The non-access stratum (NAS) layer located above the RRC layer performs functions such as session management and mobility management.

7 is a block diagram illustrating a data transmission method.

Referring to FIG. 7, the RRC of the base station transmits signaling data to the RRC of the terminal. The signaling data is an RRC Connection Setup message or an RRC Connection Reconfiguration message. The RRC Connection Setup message is used to establish a Signaling Radio Bearer (SRB). SRB is an RB used for RRC message or NAS message transmission.

The RRC connection reset message is a message for modifying an RRC connection. The RRC connection reconfiguration message may include a radio resource configuration message. The radio resource configuration message can be used to setup, modify or release the RB. The radio resource configuration message may include a PDCP configuration message, an RLC configuration message, and the like. The PDCP configuration message includes a PDCP configurable PDCP parameter required for PDCP entity formation. For example, the PDCP configuration parameter includes a discard timer (Discard_Timer) parameter. The discard timer parameter is information about an operation duration of the discard timer.

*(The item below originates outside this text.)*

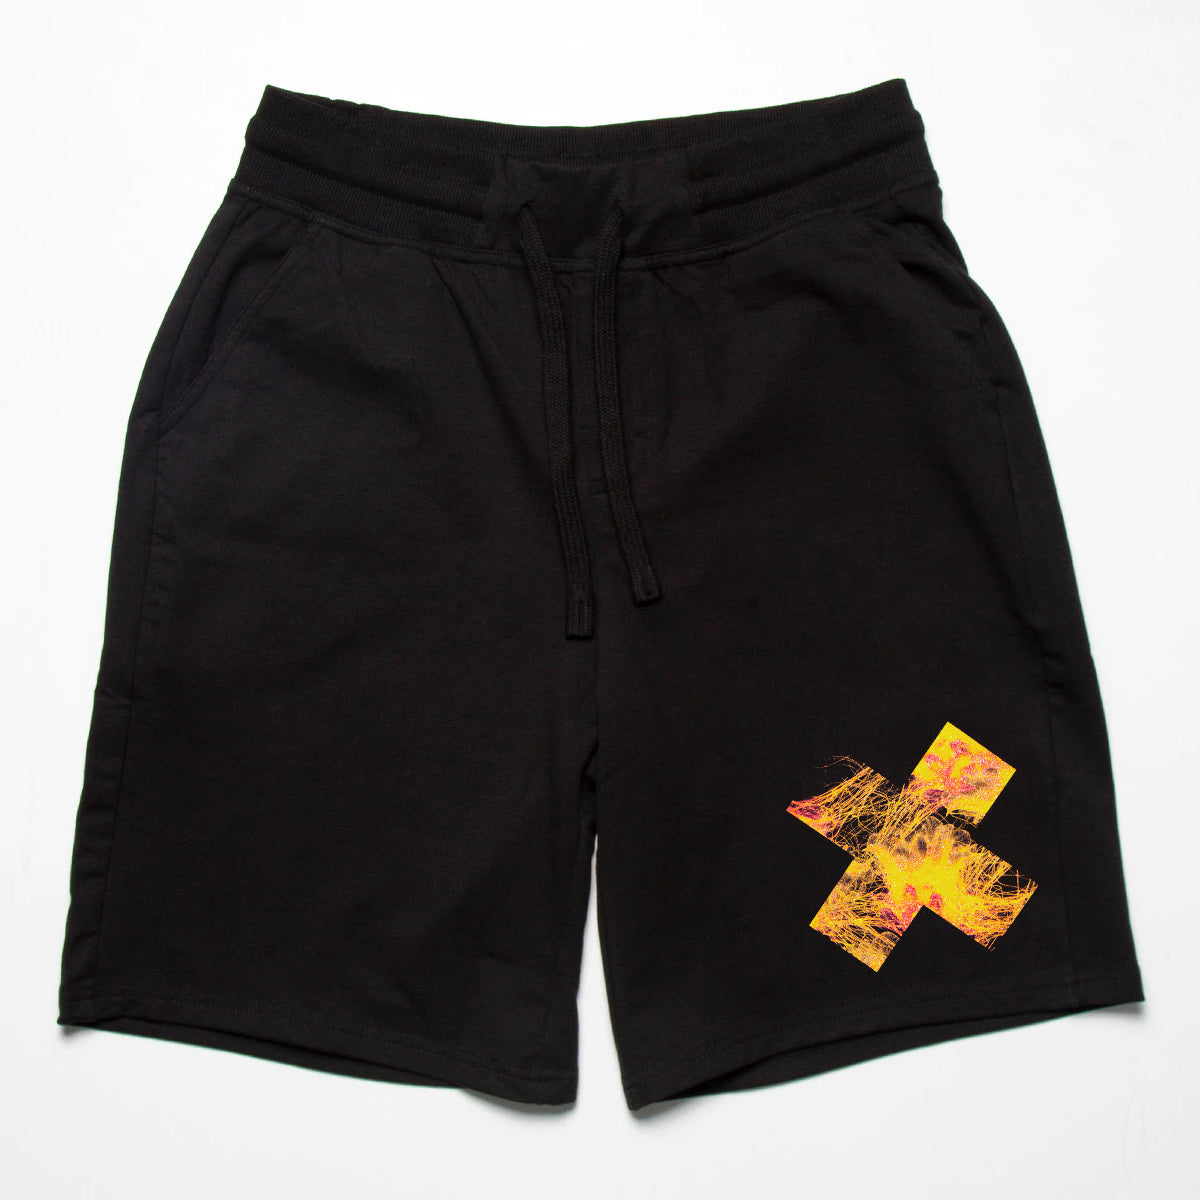 Lifeforms X Imprint - Jersey Shorts - Black

The RLC setup message contains the RLC setup parameters required for the RLC entity formation. For example, the RLC configuration parameter includes a sequence number (SN) field length (SN-FieldLength) parameter. The sequence number field length parameter is information about the length of the sequence number field included in the header of the RLC PDU.

The RRC of the terminal delivers a PDCP configuration request (PDCP_CONFIG_REQ) message, which is signaling data, to the PDCP of the terminal. The PDCP configuration request message may be delivered through a control-service access point (C-SAP). The PDCP configuration request message is a message requesting to configure PDCP according to the PDCP configuration parameter. PDCP generates a discard timer according to the PDCP configuration parameters. The operation interval of the discard timer is determined according to the PDCP configuration parameter. That is, the expiry time of the discard timer is determined according to the user data reception time and the PDCP configuration parameter.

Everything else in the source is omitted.